Яркие блики и черные как сажа тени, падая на лица и одежду стоявших вокруг людей, придавали всей этой сцене чисто дюреровскую резкую выразительность. Но уловить подлинный склад каждого лица, так сказать, его постоянный нравственный облик, было невозможно, - быстрые языки пламени взвивались, кивали, разлетались в воздухе, пятна теней и хлопья света беспрестанно меняли место и форму. Все было неустойчиво - трепетно, как листва, и мимолетно, как молния. Впадины глазниц, только что глубокие и пустые, как в голом черепе, вдруг до краев наливались блеском; худая щека миг назад была темным провалом, теперь она сияла, изменчивый луч то углублял морщины, то совершенно их сглаживал. Ноздри казались черными колодцами, жилы на старческой шее - позолоченным лепным орнаментом, то, что по природе своей было лишено лоска, вдруг покрывалось глазурью, а блестящие предметы, например, серп для резки дрока в руках у одного из поселян, становились прозрачны, как стекло; глаза вспыхивали, словно фонарики. Те, кого природа наделила сколько-нибудь необычной внешностью, превращались в уродов, уроды в чудовищ, ибо все было доведено до крайности.

Возможно поэтому, что лицо старика, которого веселый огонь тоже выманил на вершину, вовсе не состояло из одного только носа и подбородка, как это казалось.
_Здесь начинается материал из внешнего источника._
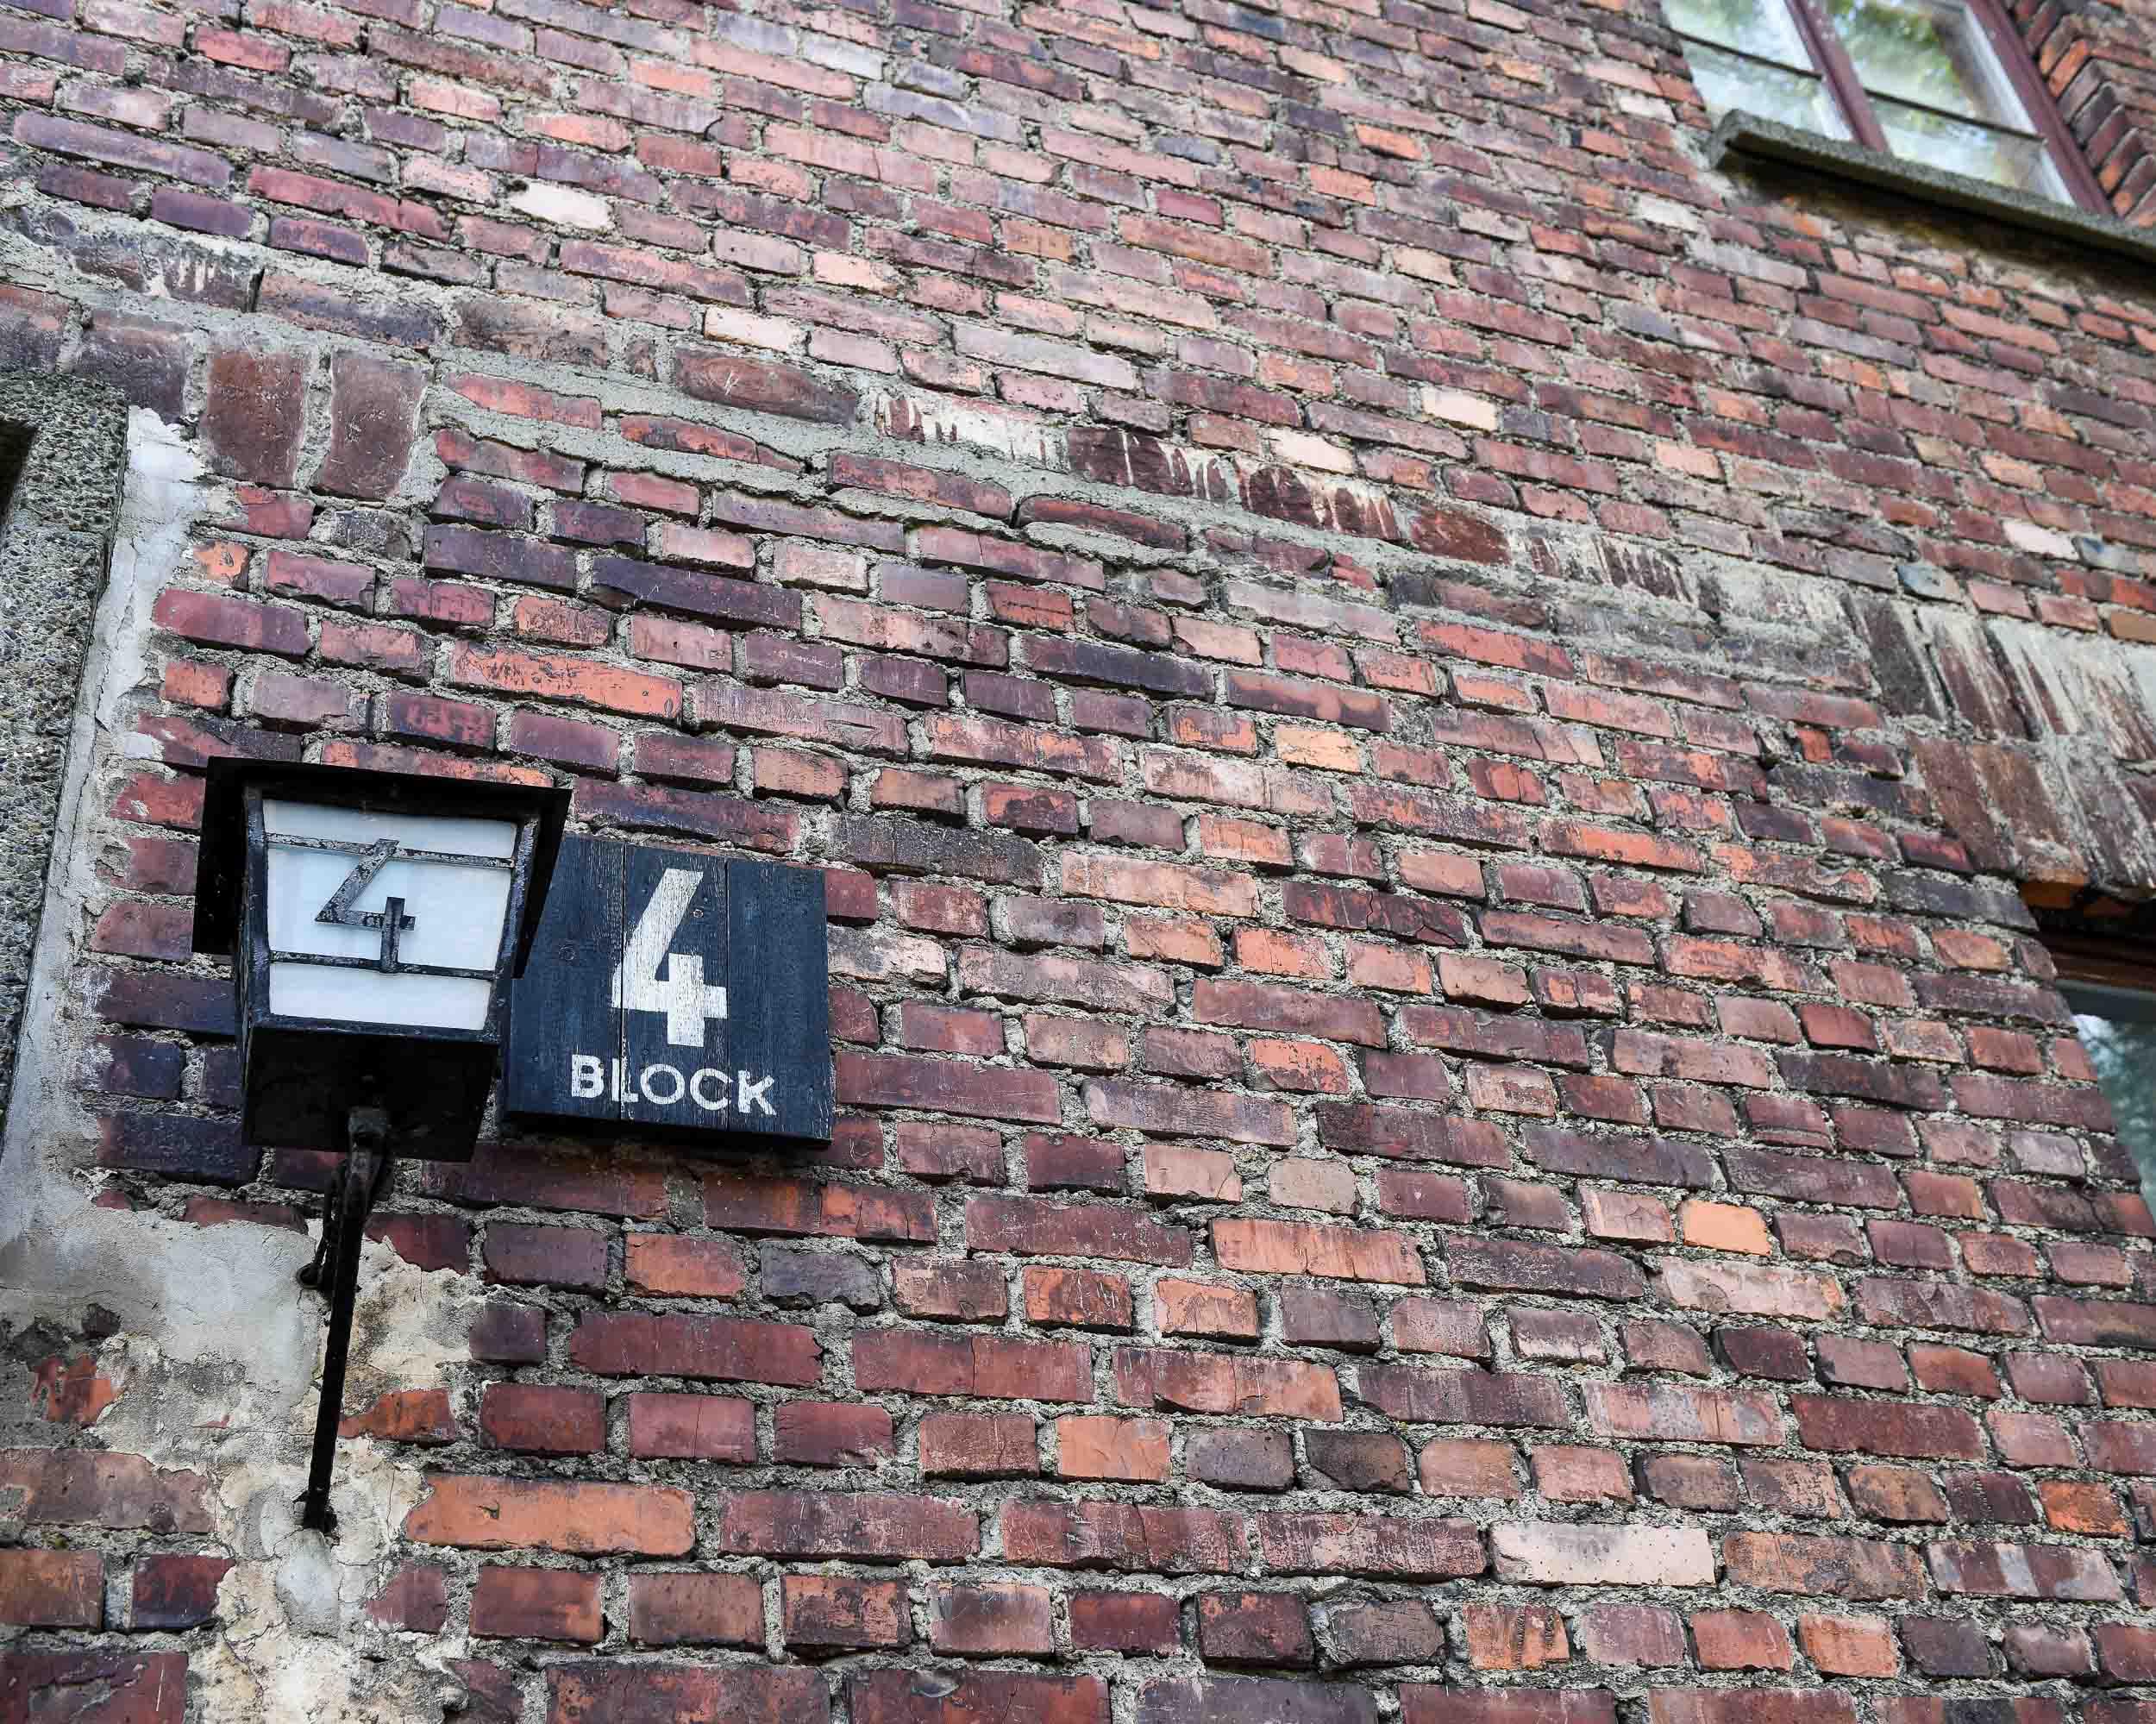 4 Block

Он стоял у самого костра, нежась в тепле, словно у печки, и длинным пастушеским посохом подгребал в огонь разбросанные вокруг остатки хвороста. Иногда он поднимал глаза, измеряя высоту пламени и следя за полетом искр, которые тоже взвивались вверх в токе горячего воздуха и уплывали в темноту. Яркий свет и оживляющее тепло мало-помалу привели его в веселое настроение, а потом и в восторг. С посохом в руке он принялся в одиночку выплясывать жигу, отчего гроздь медных печаток на цепочке, свисавшей из-под его жилета, сверкала и раскачивалась, как маятник. Он даже затянул песню - хлипким тоненьким голоском, похожим на жужжание пчелы в дымоходе.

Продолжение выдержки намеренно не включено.